Find square difference is a draft programming task. It is not yet considered ready to be promoted as a complete task, for reasons that should be found in its talk page.

Find and show on this page the least positive integer number n, where difference of n*n and (n-1)*(n-1) greater than 1000.
The result is 501 because 501*501 - 500*500 = 251001 - 250000 = 1001 > 1000.

11l

L(n) 1..
I n^2 - (n - 1)^2 > 1000
print(n)
L.break
Output:
501

ALGOL 68

Also shows the least positive integer where the difference between n^2 and (n-1)^2 is greater than 32 000 and 2 000 000 000.

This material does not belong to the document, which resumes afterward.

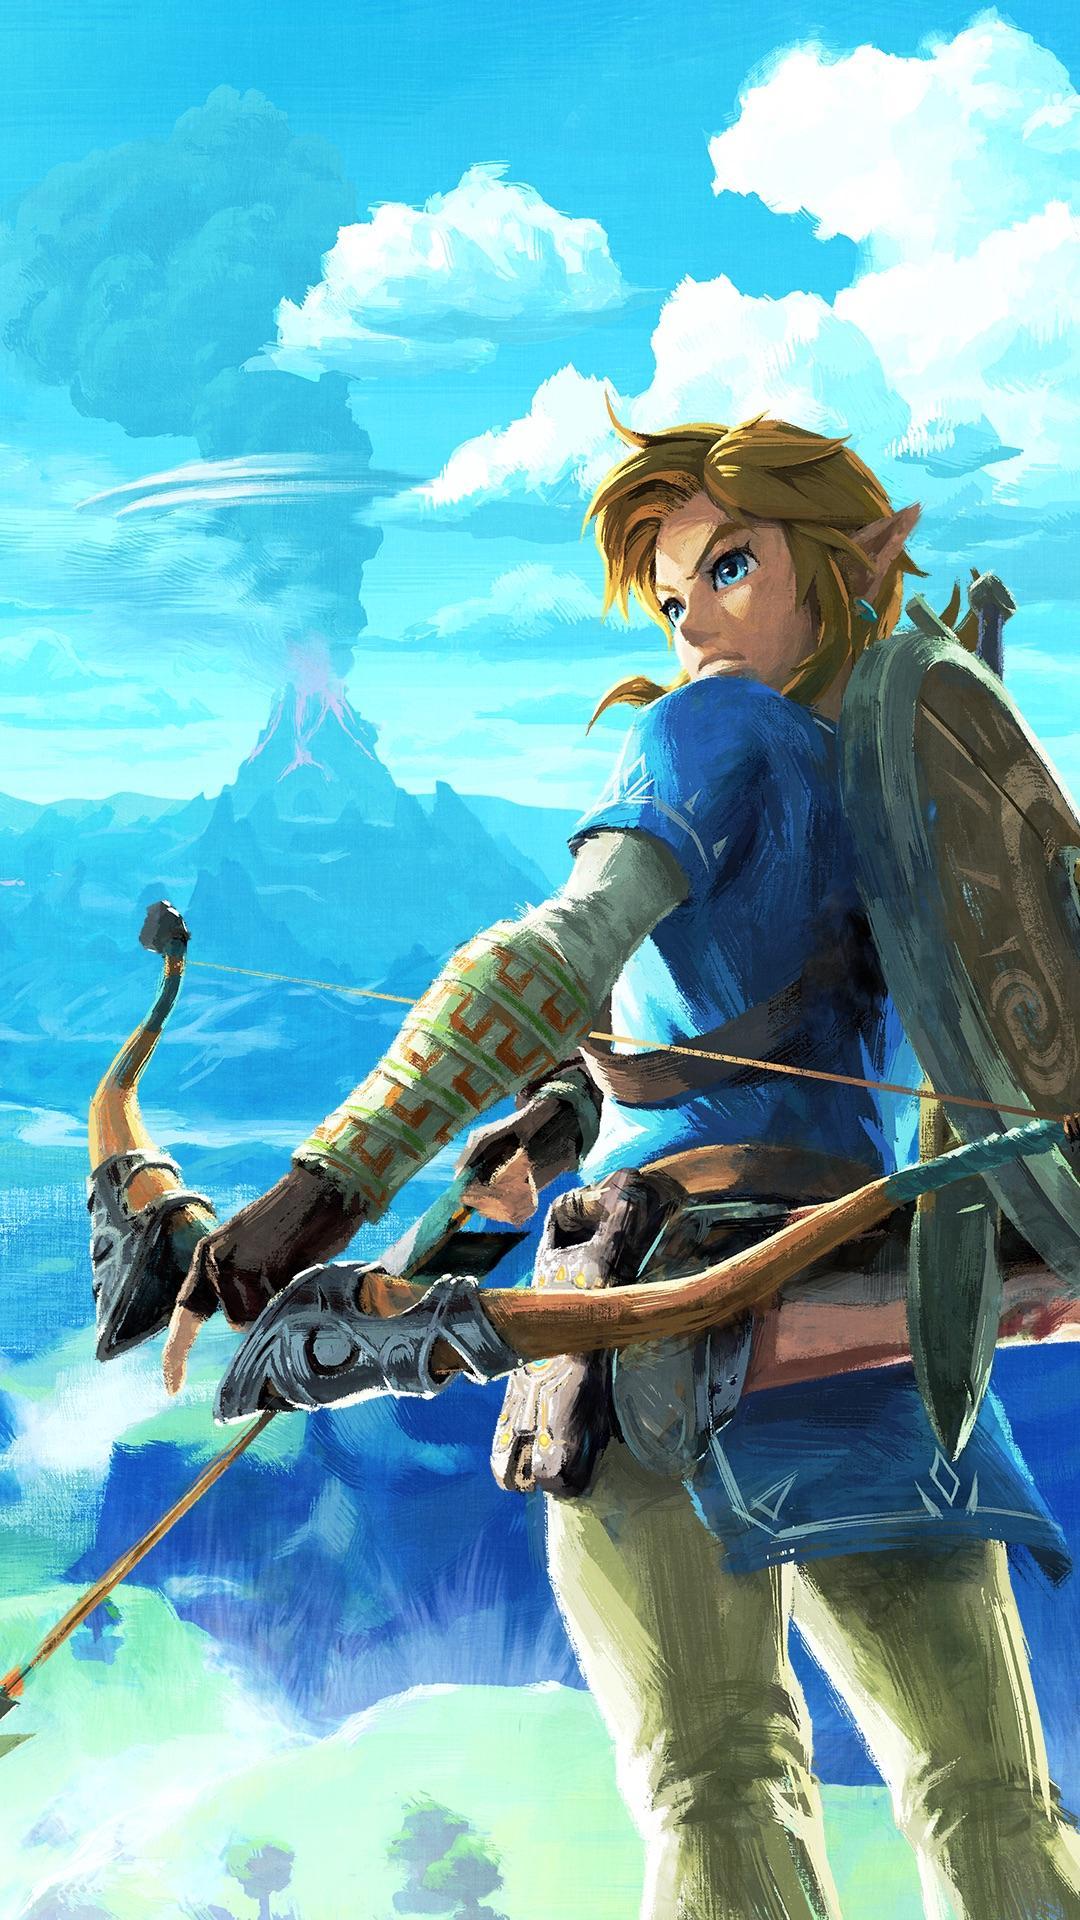 Zelda Breath Of The Wild Hd Wallpaper - Legend Of Zelda Breath Of The Wild Link Poster , HD Wallpaper & Backgrounds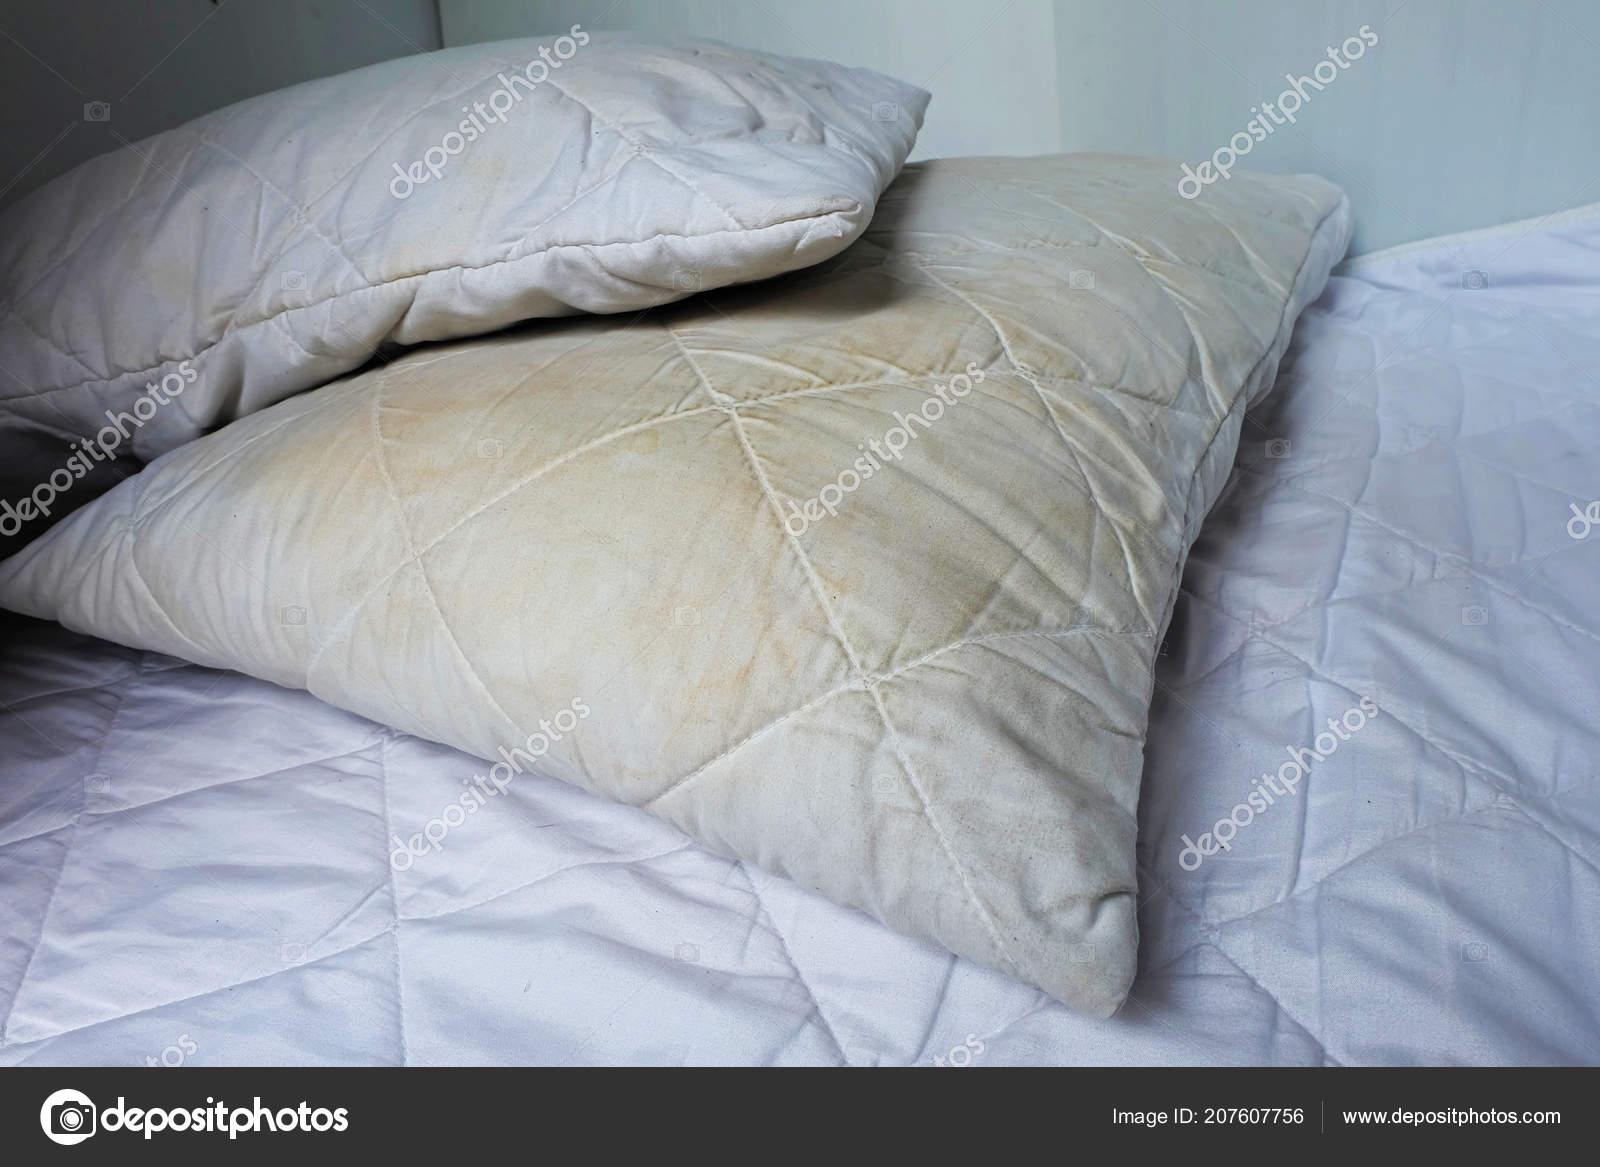 Dirty Pillow White Bed Stokovoe Foto C Damrong8899 207607756

BEGIN # find the lowest positive n where the difference between n^2 and (n-1)^2 is > 1000 #
[]INT test = ( 1 000, 32 000, 2 000 000 000 );
FOR i FROM LWB test TO UPB test DO
INT required difference = test[ i ];
# n^2 - ( n - 1 )^2 is n^2 - n^2 + 2n - 1, i.e. 2n - 1 #
# so 2n - 1 > reuired difference or n > reuired difference / 2 #
print( ( "Smallest n where n^2 - (n-1)^2 is > ", whole( required difference, -12 )
, " is: ", whole( ( ( required difference + 1 ) OVER 2 ) + 1, -12 )
, newline
)
)
OD
END
Output:
Smallest n where n^2 - (n-1)^2 is >         1000 is:          501
Smallest n where n^2 - (n-1)^2 is >        32000 is:        16001
Smallest n where n^2 - (n-1)^2 is >   2000000000 is:   1000000001

ALGOL W

begin % find the lowest positive n where the difference between n^2 and (n-1)^2 is > 1000 %
integer requiredDifference;
requiredDifference := 1000;
write( i_w := 1, s_w := 0,
, "Smallest n where n^2 - (n-1)^2 is > ", requiredDifference
, " is: ", ( ( requiredDifference + 1 ) div 2 ) + 1
)
end.
Output:
Smallest n where n^2 - (n-1)^2 is > 1000 is: 501

AutoHotkey

while ((n:=A_Index)**2 - (n-1)**2 < 1000)
continue
MsgBox % result := n
Output:
501

AWK

# syntax: GAWK -f FIND_SQUARE_DIFFERENCE.AWK
BEGIN {
n = 1001
while (i^2-(i-1)^2 < n) {
i++
}
printf("%d\n",i)
exit(0)
}

Output:
501

C

#include<stdio.h>
#include<stdlib.h>

int f(int n) {
int i, i1;
for(i=1;i*i-i1*i1<n;i1=i, i++);
return i;
}

int main(void) {
printf( "%d\n", f(1000) );
return 0;
}
Output:
501

C++

The C solution is also idomatic in C++. An alterate approach is to use Ranges from C++20.

#include <iostream>
#include <ranges>

int main()
{
const int maxSquareDiff = 1000;
auto squareCheck = [maxSquareDiff](int i){return 2 * i - 1 > maxSquareDiff;};
auto answer = std::views::iota(1) | // {1, 2, 3, 4, 5, ....}
std::views::filter(squareCheck) | // filter out the ones that are below 1000
std::views::take(1); // take the first one
}

Output:
501

Dart

import 'dart:math';

int leastSquare(int gap) {
for (int n = 1;; n++) {
if (pow(n, 2) - pow((n - 1), 2) > gap) {
return n;
}
}
}

void main() {
print(leastSquare(1000));
}
Output:
501

F#

let n=1000 in printfn \$"%d{((n+1)/2)+1}"

Output:
501

Factor

The difference between squares is the odd numbers, so ls(n)=⌈n/2+1⌉.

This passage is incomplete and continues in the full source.